# The records:
◇ ◇ ◇
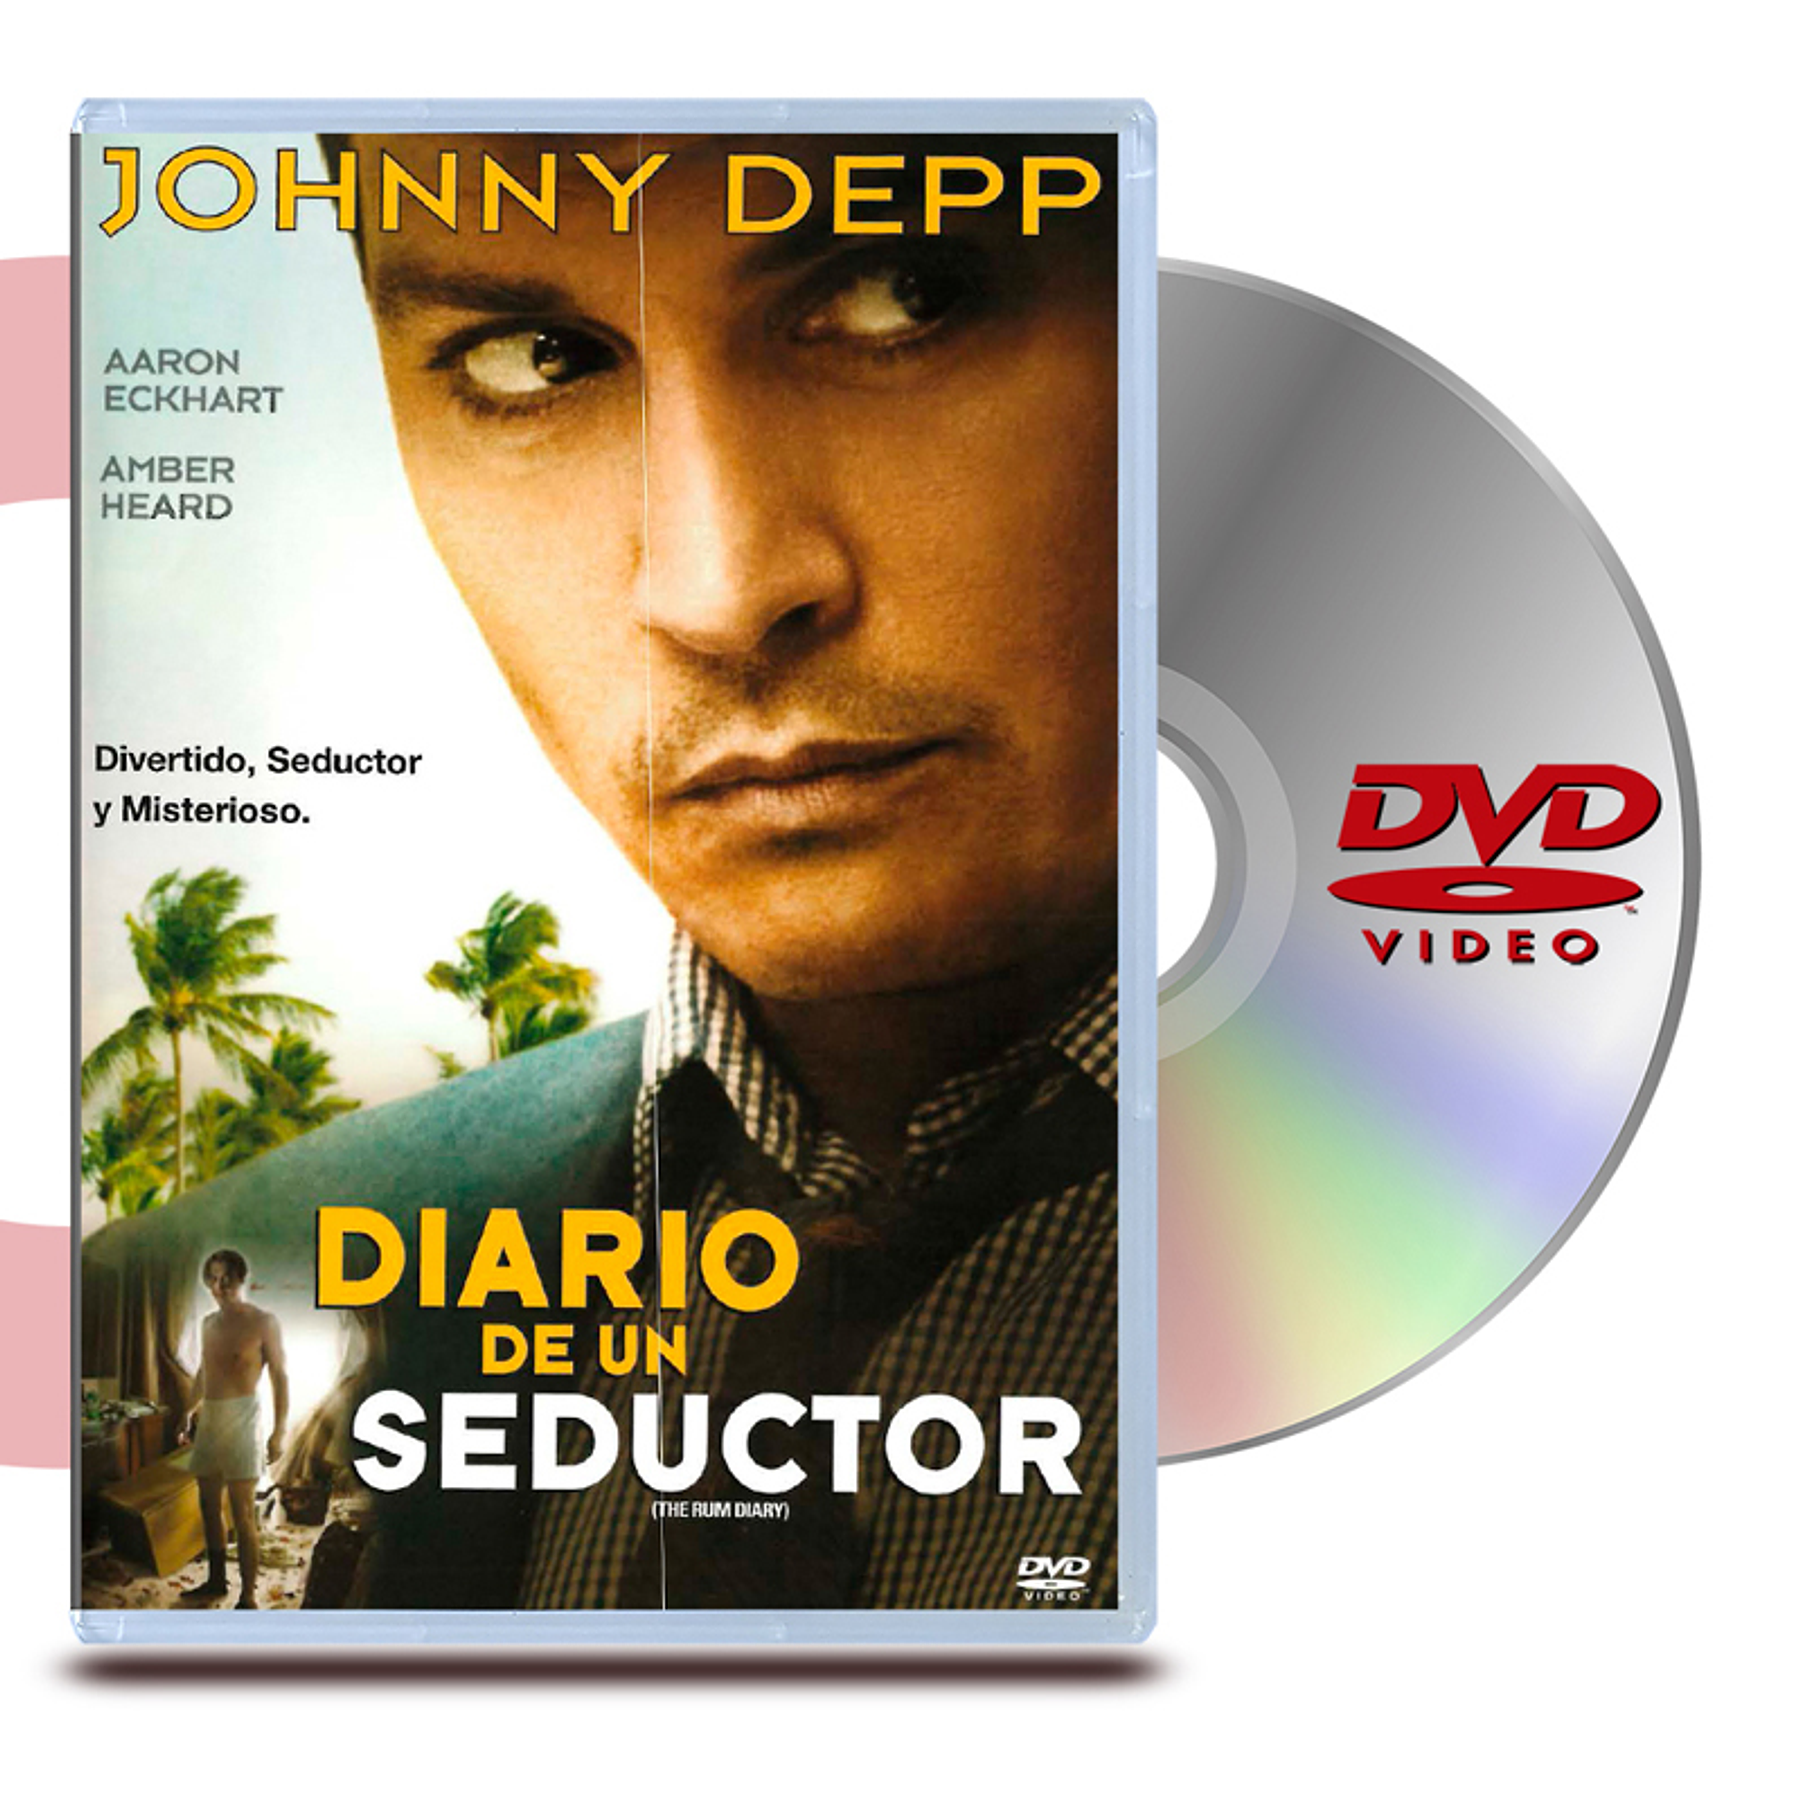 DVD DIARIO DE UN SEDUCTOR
◇ ◇ ◇
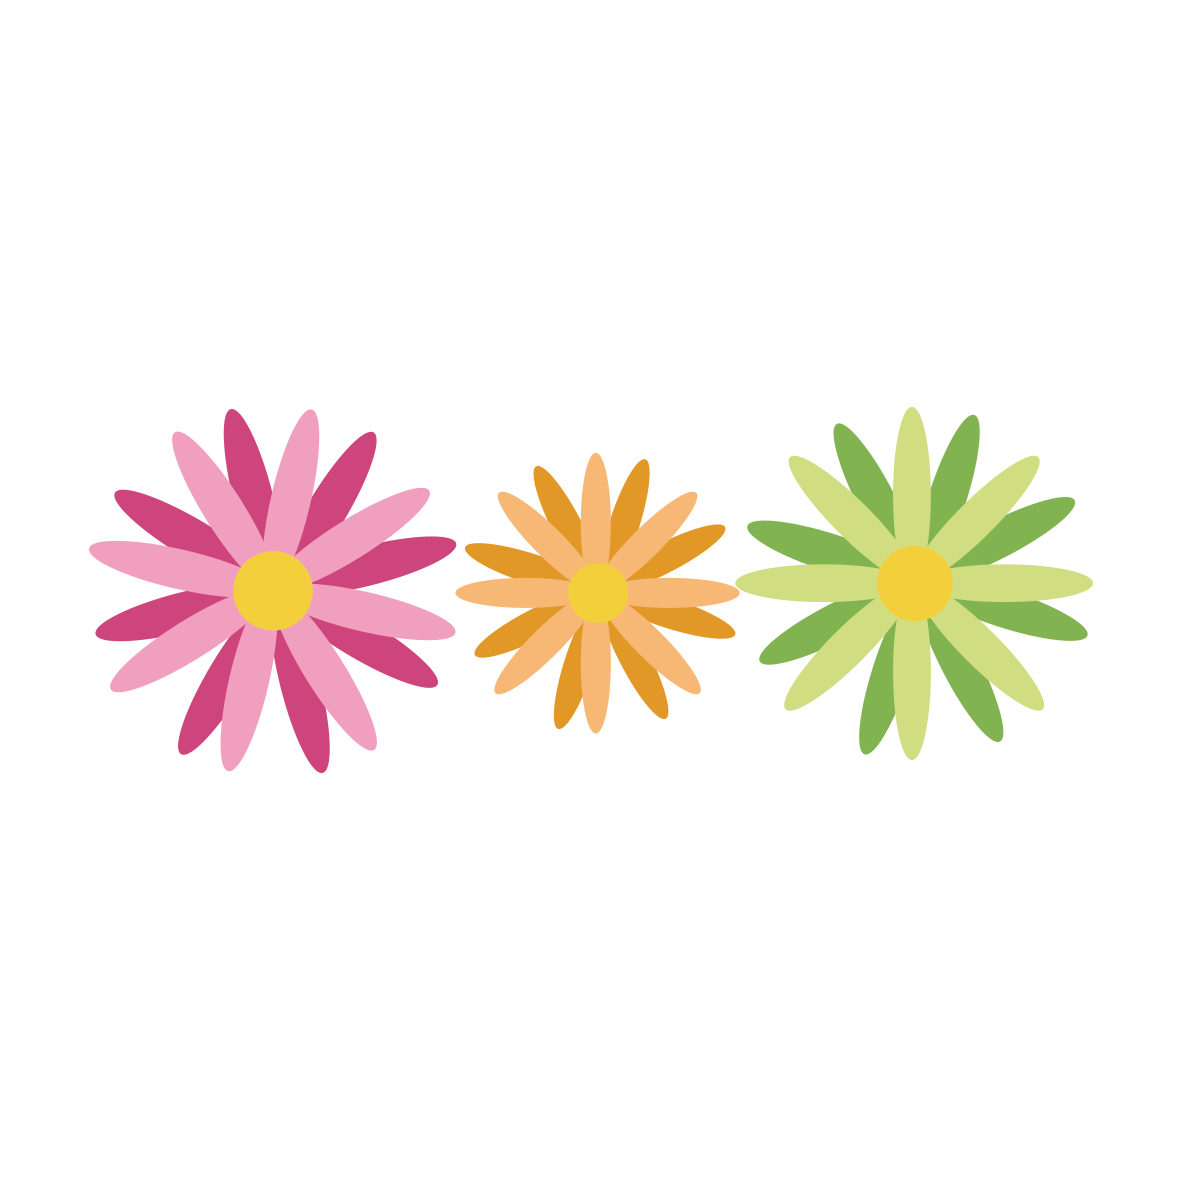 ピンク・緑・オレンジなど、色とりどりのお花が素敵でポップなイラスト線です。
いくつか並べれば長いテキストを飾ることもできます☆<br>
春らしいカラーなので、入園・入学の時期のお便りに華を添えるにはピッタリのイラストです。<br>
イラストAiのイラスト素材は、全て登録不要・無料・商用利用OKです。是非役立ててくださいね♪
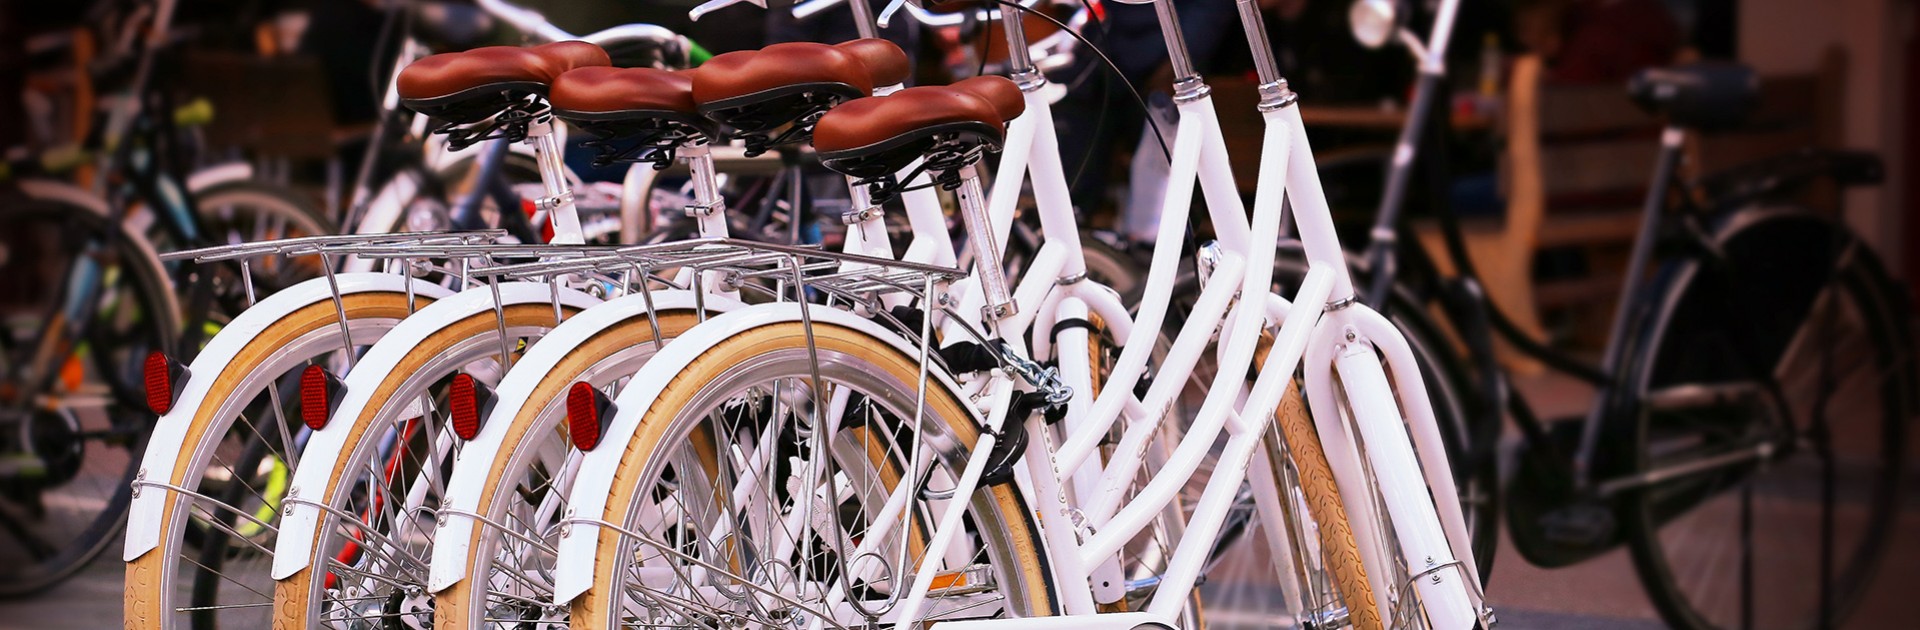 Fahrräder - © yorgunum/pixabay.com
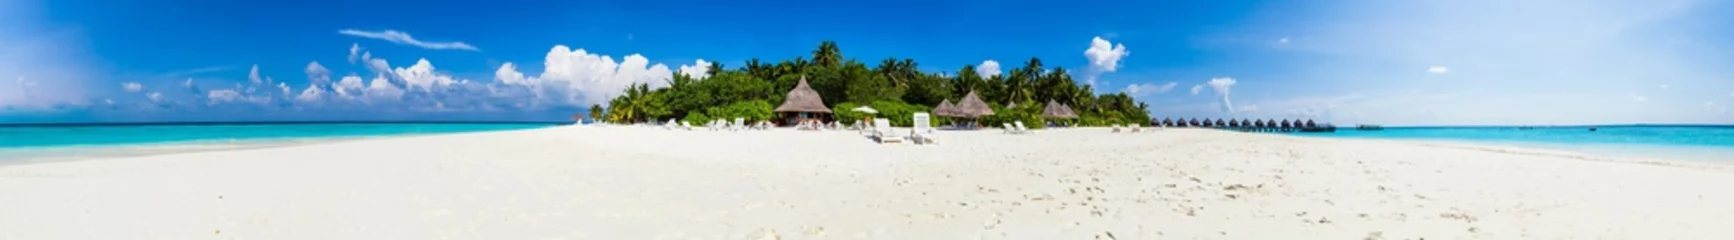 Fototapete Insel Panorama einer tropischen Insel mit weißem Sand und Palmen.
◇ ◇ ◇
# Exercise brief:
Every line above from the one with "イラストAiのイラスト素材は" down to the one with "Fototapete Insel Panorama" must be written out exactly, and no picture may appear.

# Solution:
イラストAiのイラスト素材は、全て登録不要・無料・商用利用OKです。是非役立ててくださいね♪
 Fahrräder - © yorgunum/pixabay.com
 Fototapete Insel Panorama einer tropischen Insel mit weißem Sand und Palmen.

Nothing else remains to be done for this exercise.